Exercise 3: Full Cycle Practice
Run through the complete expand-contract cycle on one piece of writing.
The Challenge
Create a 200-word piece on a topic of your choice using the full cycle.
Step 1: Start with a Seed
Topic or seed idea:
Step 2: Expand (5 minutes)
Use 2-3 expansion prompts to generate material.
Notes from expansion:
Step 3: Contract (3 minutes)
Use 2 contraction prompts to find focus.
Notes from contraction:
Step 4: Draft (5 minutes)
Write the piece based on what survived contraction.

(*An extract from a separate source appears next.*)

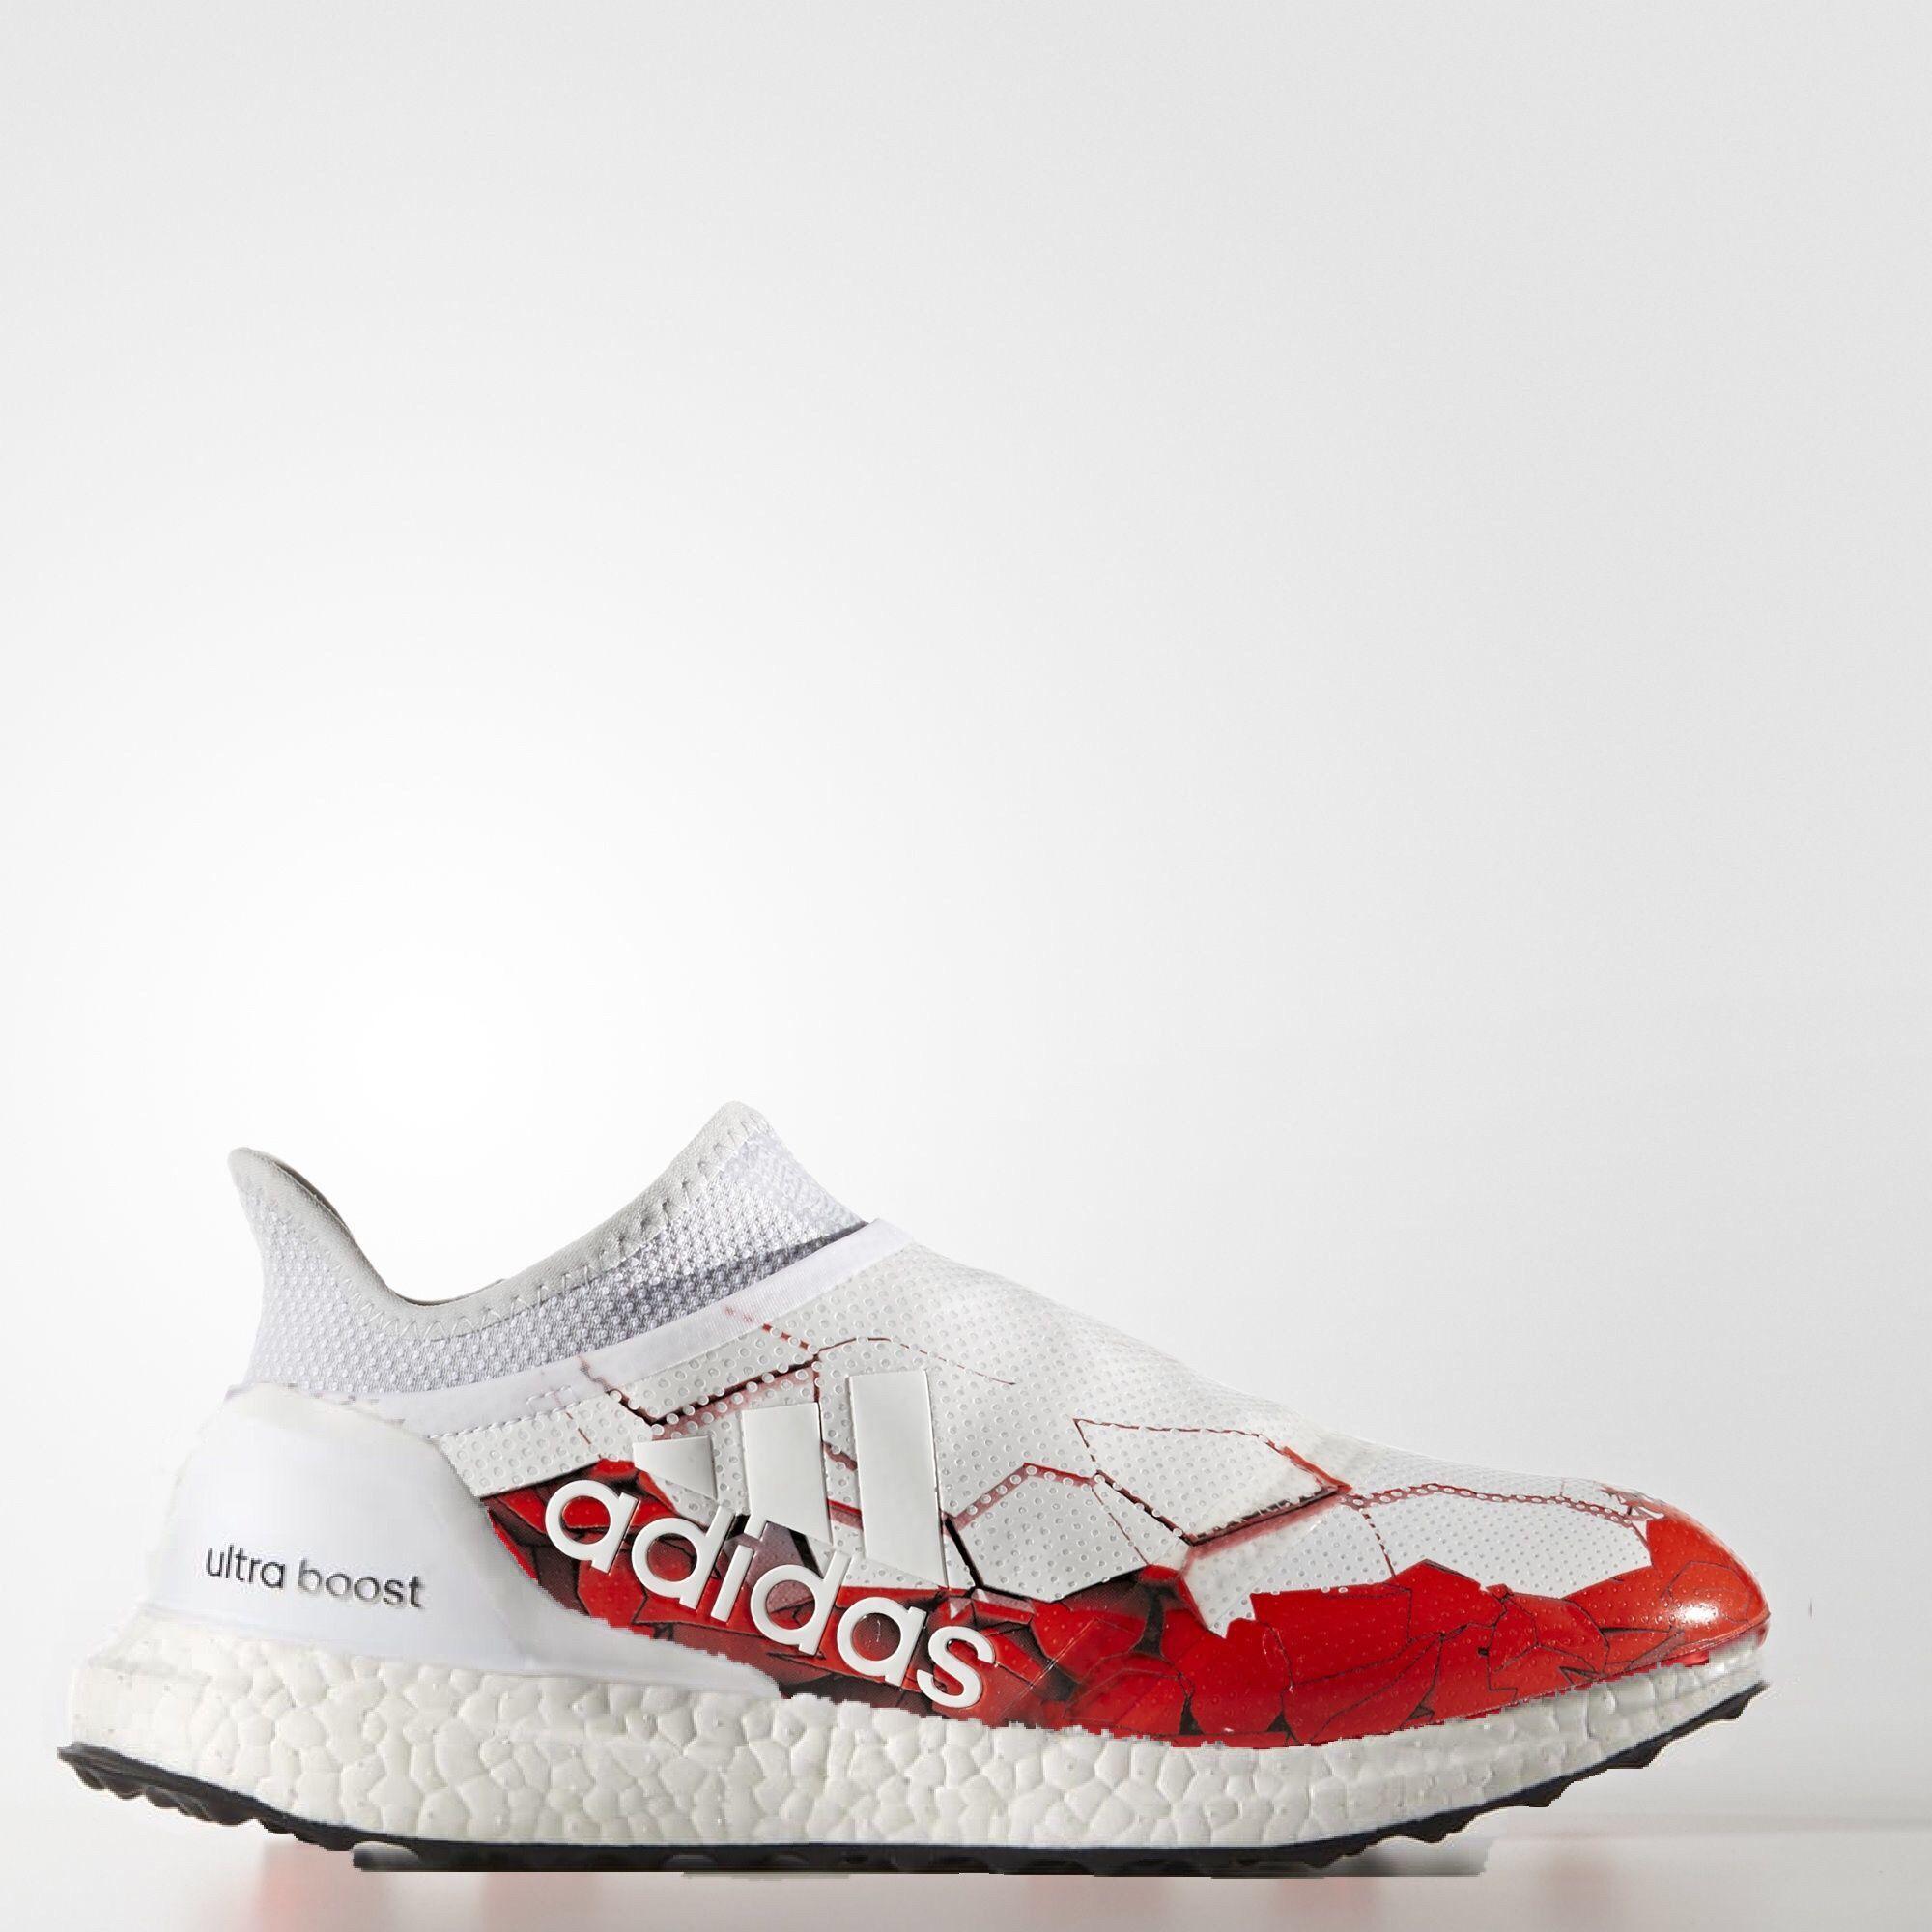 adidas ace 16 ultra stivali scarpe da ginnastica nero

Step 5: Contract Again (2 minutes)
Read your draft. Cut anything that doesn't serve the core message.
Step 6: Final Piece
Quick Reference: Expand and Contract Prompts
╔═══════════════════════════════════════════════════════════════╗
║ EXPANSION PROMPTS ║
╠═══════════════════════════════════════════════════════════════╣
║ ║
║ "Give me 10 angles I could take on [topic]" ║
║ ║
║ "What questions would a skeptic ask about this?" ║
║ ║
║ "What's the strongest counterargument?" ║
║ ║
║ "Give me 5 concrete examples of [concept]" ║
║ ║
║ "Write 7 different hooks or opening lines" ║
║ ║
║ "What am I not considering here?" ║
║ ║
╠═══════════════════════════════════════════════════════════════╣
║ CONTRACTION PROMPTS ║
╠═══════════════════════════════════════════════════════════════╣
║ ║
║ "Summarize this in 3 bullet points" ║
║ ║
║ "What's the single most important takeaway?" ║
║ ║
║ "If I kept only 20% of this, what stays?" ║
║ ║
║ "What's the main argument or thread here?" ║
║ ║
║ "What would the headline be?" ║
║ ║
║ "What can I cut without losing the core message?" ║
║ ║
╚═══════════════════════════════════════════════════════════════╝
The Rhythm of Creative Work
Expansion without contraction produces chaos.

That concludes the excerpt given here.